In a certain sense, President Cleveland will occupy a position not unlike that of President Lincoln at the outset of his first Presidency. But the task of the Democratic chief magistrate who goes to Washington with a great historical party at his back, to restore the well-understood metes and bounds of the Federal authority over thirty-eight free and independent States will be a less troublesome and in its immediate results ought to be an infinitely more benign and grateful task, than that of the reluctant war dictator who found himself, against all his expectations, driven by angry sections, with a mixed and undisciplined mob of placemen, of monopolists, and of philanthropists behind him, into cutting with the sword the Gordian knot of slavery, at the risk of severing with it forever the golden bands of the Union, and those “mystic chords of memory” of which he spoke with such a wistful pathos in his inaugural address.

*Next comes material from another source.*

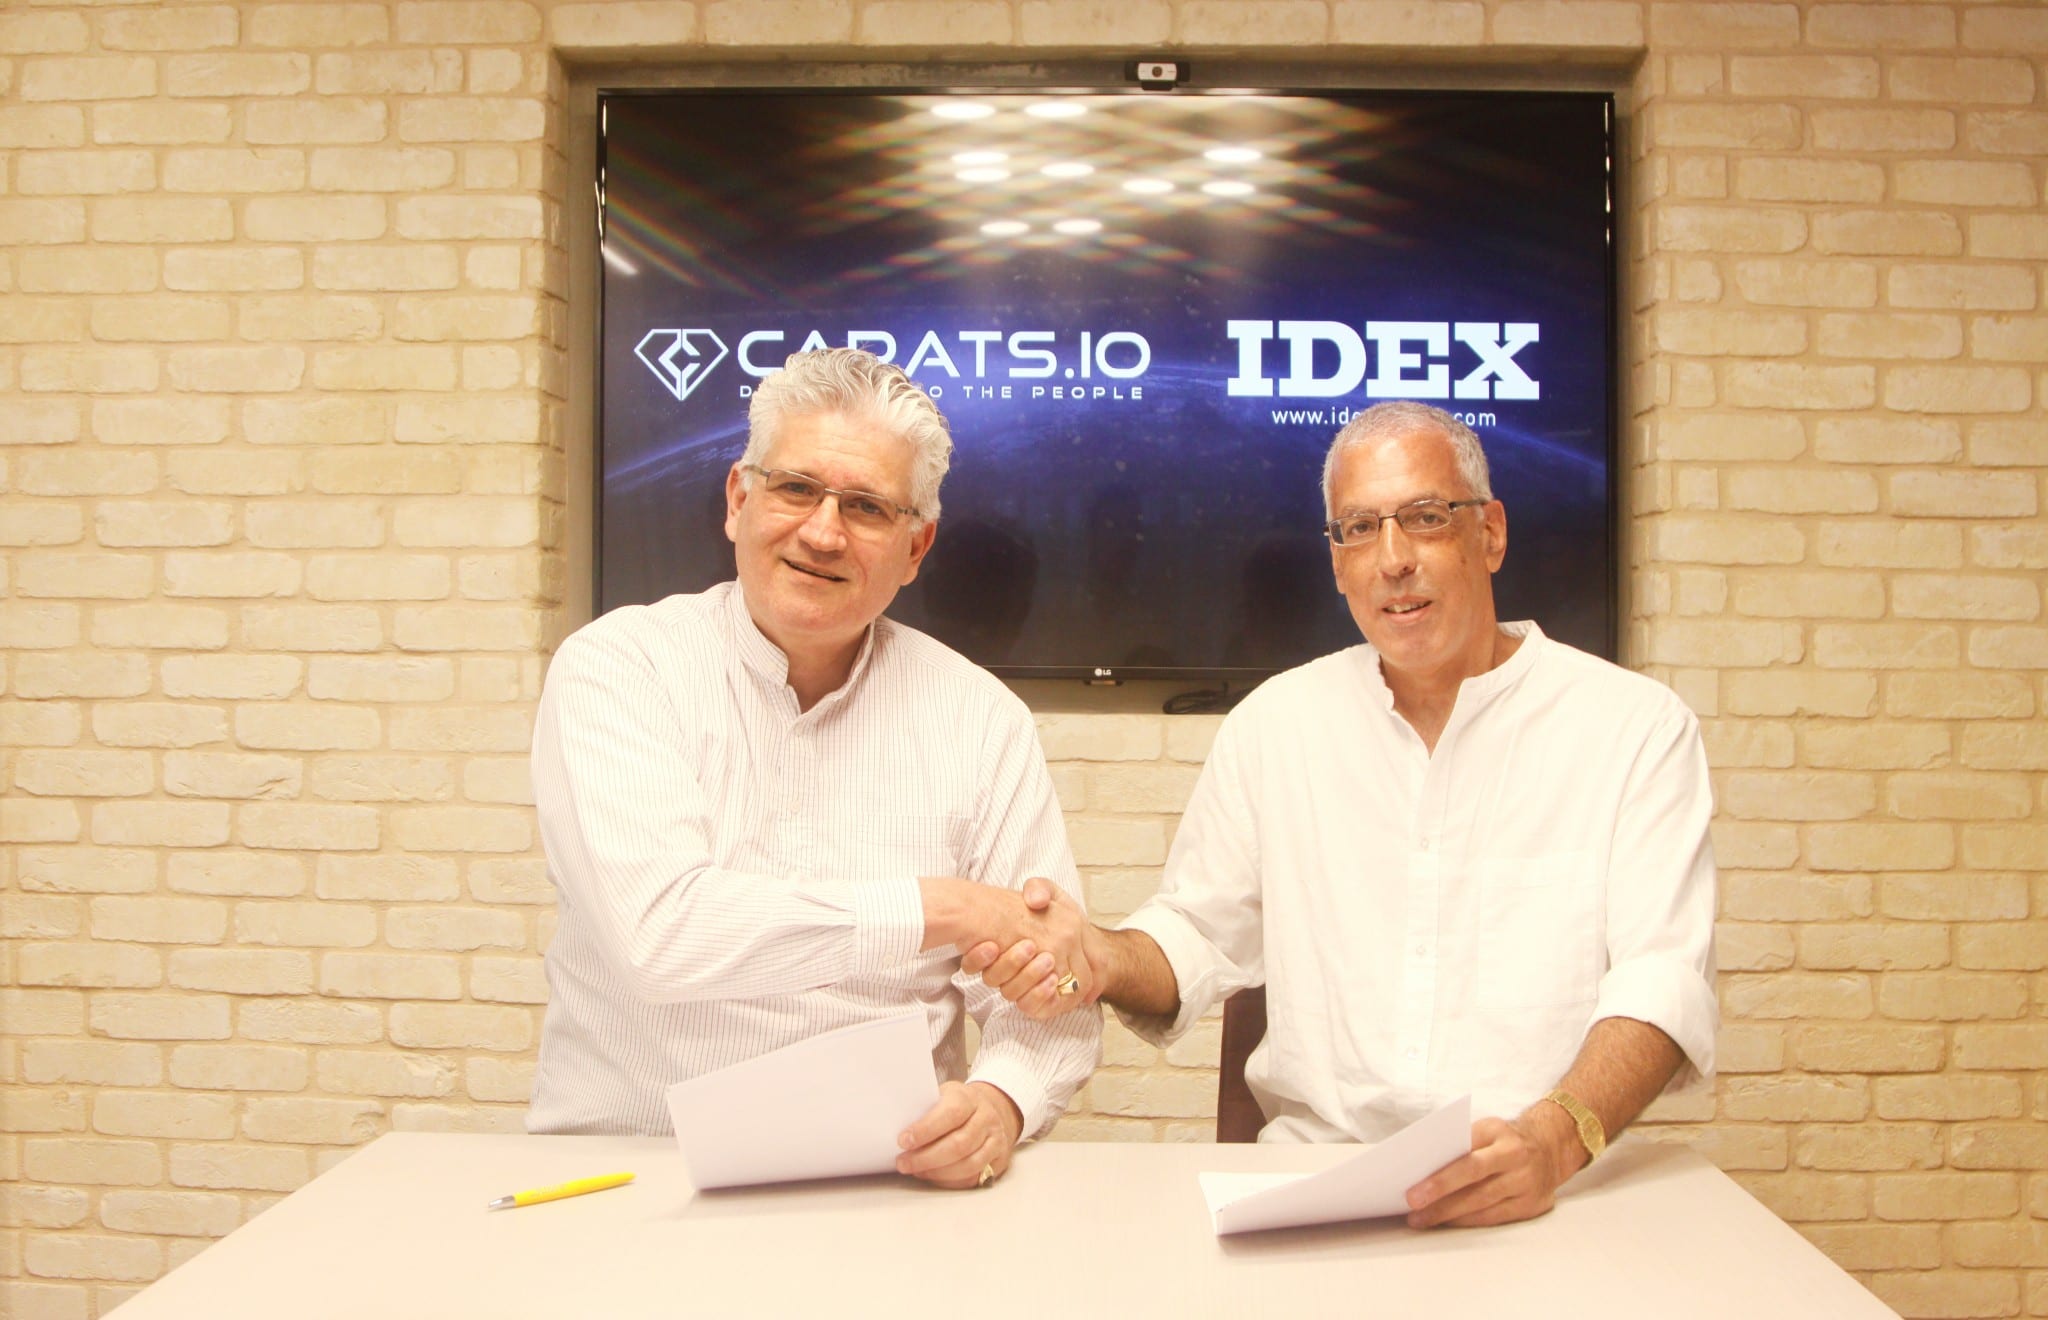 Carats.io and IDEX-International Diamond Exchange

Some points of resemblance may be found, too, between the personal histories of Lincoln and of Cleveland. Like Mr. Lincoln, Governor Cleveland comes of an old American stock. His family name smacks of Yorkshire, and his direct ancestors established themselves in Massachusetts nearly two hundred years ago. One of the family, a Cambridge man, and a clergyman of the Anglican Church, died at Philadelphia under the roof of his friend Benjamin Franklin twenty years before the American Revolution. Another, who sat in the Legislature of Connecticut, and who was a minister of the Independents, is remembered as an early advocate in that “land of steady habits” of the abolition of African slavery, and this at a time when the worthy citizens of Massachusetts thought it expedient to keep the Bay State clear of negro blood by ordaining in their organic law that any African “not a subject of our faithful ally the Emperor of Morocco” who ventured twice across the Massachusetts border should be on each occasion whipped, imprisoned and sent away, and that if this did not restrain his ardor, he should upon his third advent be so dealt with as to put an effectual stop to his travels.